Beyond compliance: building healthier programmes through data, culture and climate

Key takeaways
With more than 2,500 audits and 154,000 observations completed last year, we show how consistent behaviours and everyday checks are strengthening our safety climate.
A 275% rise in occupational health inspections and continued growth in leading indicators illustrate how data is helping us understand risks earlier and plan more effectively.
As our industry focuses together on serious risks, we outline how leadership visibility and a more open culture are helping teams work safely and with greater confidence.
As we look ahead to the future of our sector, our approach to health, safety and wellbeing must go further than meeting requirements. It must be a cultural imperative. Good systems and technology support us, but people keep people safe. It is our judgement, our conversations and our confidence to speak up that prevent harm. This responsibility is shared across our industry and an opportunity to work together, learn together and protect one another together.
Last year our teams delivered more than 2,500 audits, 57,000 inspections, 154,000 observations and 54,000 actions. These numbers show attention at every level. They demonstrate that we are engaging early, reviewing properly and learning fast. This is what forecasting safety looks like in practice.
1. Putting people at the centre
This year we are placing even greater emphasis on behaviour. Curiosity remains one of the most powerful tools we have. When something does not look right, we want teams to pause, check, ask questions and understand the full picture before work begins.
Embedded in our ethos are our “Four steps to going home safe and well”, a clear checklist guiding teams to confirm their behaviours, systems, workplace and equipment are safe. Our “Observe. Engage. Improve.” approach strengthens these moments and supports a more robust safety climate.
Across the business we are seeing positive shifts. Directors are engaging more consistently on sites and lessons learned calls are happening across multiple project teams. We are maintaining a clear focus on occupational health, including dust, health surveillance and COSHH (Control of Substances Hazardous to Health). Whilst daily and nightly briefings are standard practice with attendance from all levels of the project, we are seeing greater input and collaboration as we continue progressing towards digital delivery.

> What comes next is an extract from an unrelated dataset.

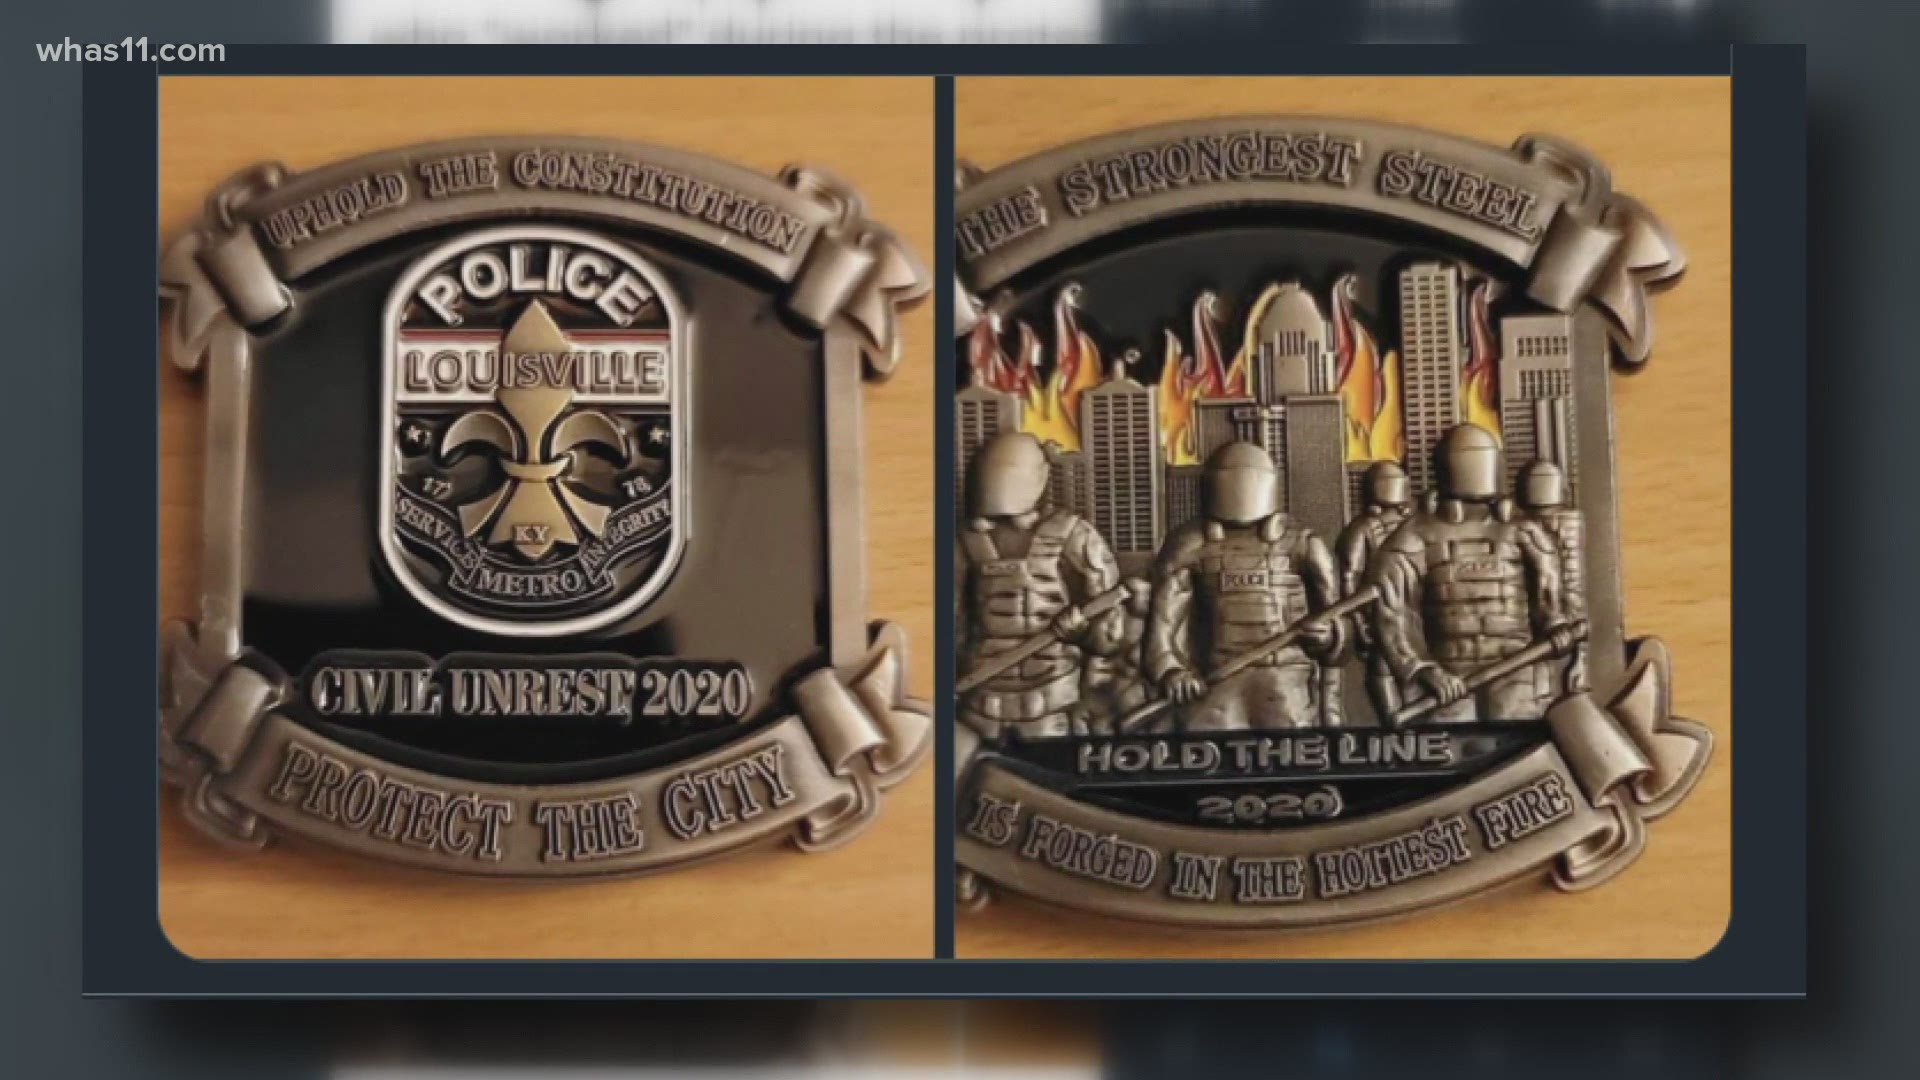 Pictures of challenge coins portraying Louisville Metro Police Officers and this summer's protests are circulating the internet and it's sparking backlash.

2. Using data to look forward, not only back
Compared with last year, occupational health inspections rose by 275%, safety observations by 11%, safety audits by 2% and safety inspections by 34%. These trends give us a clearer view of how behaviours are shifting and where support is working. Traditionally we have relied on lagging indicators such as incident rates, near misses and recorded injuries to understand performance. These remain essential, but they only reflect what has already happened.

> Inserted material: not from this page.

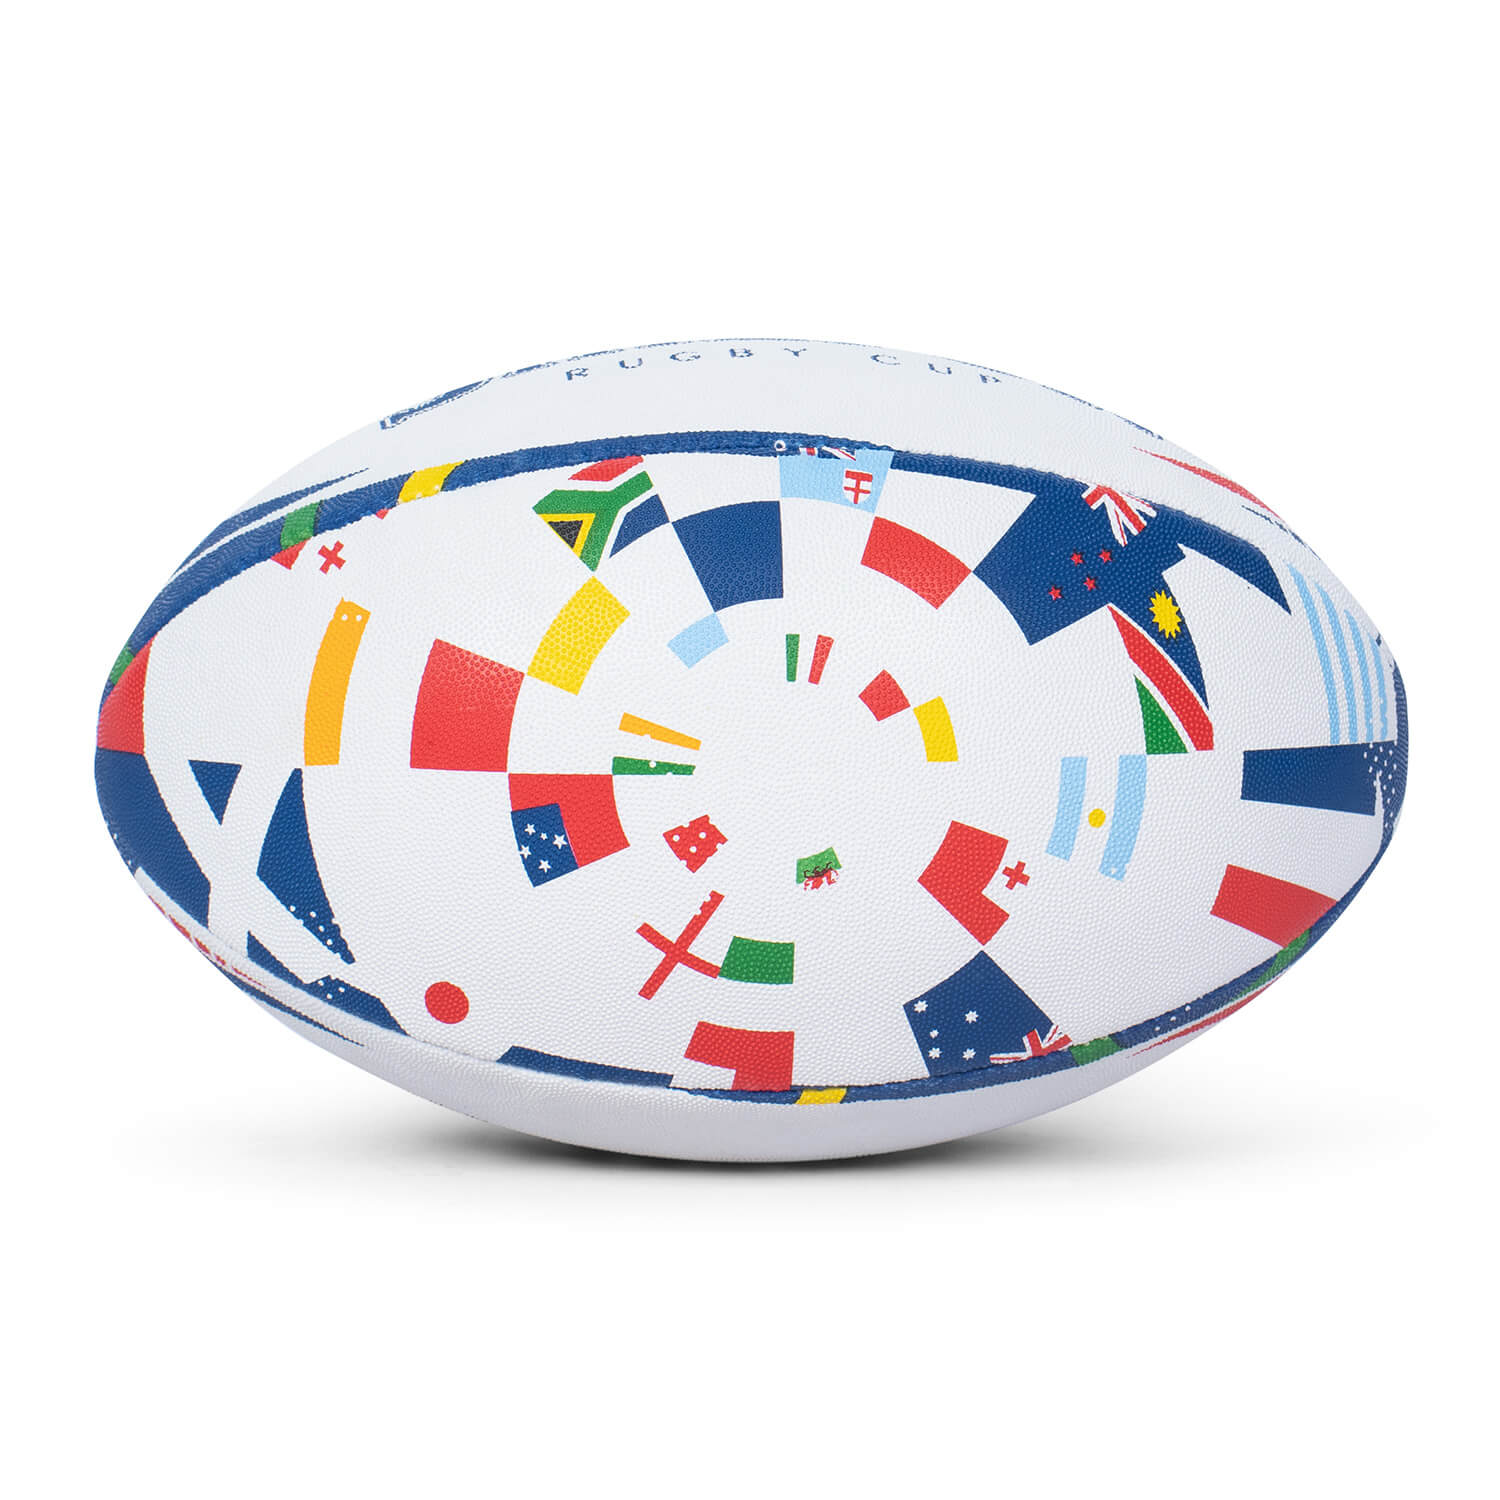 Ballon rugby nations

Our focus now is to strengthen the use of leading indicators that help us anticipate change rather than react to it. As we look to expand the use of riskHive across the business and introduce it earlier at the Pre-Construction (PCSA) stage, we can build a clearer picture of emerging patterns and potential risks before work begins on site.
This approach reduces manual reporting at project level and directs attention to where it is most needed.
riskHive will not replace the judgement of our people, but it will enhance it. When digital insight and experience work together, we make better decisions and build programmes that are more predictable and safer.
3. Shifting our focus: leadership and culture
For too long, our industry's approach to safety has been fear of negative outcomes, rather than consolidating positive behaviours. Fear does not create safer projects. Focus does. In 2026, we want people to feel supported to speak up early and for leaders to reinforce the positive behaviours that keep teams safe and help mitigate risks before they grow.
Our focus now is on strengthening leadership visibility, building trust and creating an environment where positive behaviours are recognised and repeated. This cultural shift underpins everything else in this strategy and is how we will continue to improve safety and wellbeing across our projects.
4. Working together to address our most serious risks
Collaboratively with our industry peers, through our work with the Tier 1 Health and Safety Leadership Group (HSLG), we recognise that some risks cannot be solved by one organisation alone. Through a collective approach, we can tackle the most serious safety challenges in our industry. As the HSLG feeds into the Construction Leadership Council (CLC), which brings together key industry leaders to drive improvements in health, safety and wellbeing across the sector, this work strengthens our shared direction. We are developing clear hierarchies of control that help prevent incidents with life changing consequences. Together we are focusing on four fatal risk groups; lifting operations, people and plant interface, working at height and electrical safety.
Beyond this, there is a wider conversation about mental health. It requires shared understanding, consistent standards and open dialogue so people feel able to ask for help when they need it. Improving understanding to reduce the stigma surrounding mental health in the workplace, particularly in construction, we are strengthening how we support people across our sites. Alongside our own initiatives, this reinforces that health and safety are two sides of the same coin.
Forecasting safety is not about adding more process. It is about understanding the climate of our projects, using data wisely, planning properly and empowering people to take ownership.
My ambition is simple. I want every colleague across our industry to go home safe and well every day. By strengthening our culture, building confidence and using the insight we now have across our projects, we will create an environment where wellbeing, productivity and safety reinforce each other.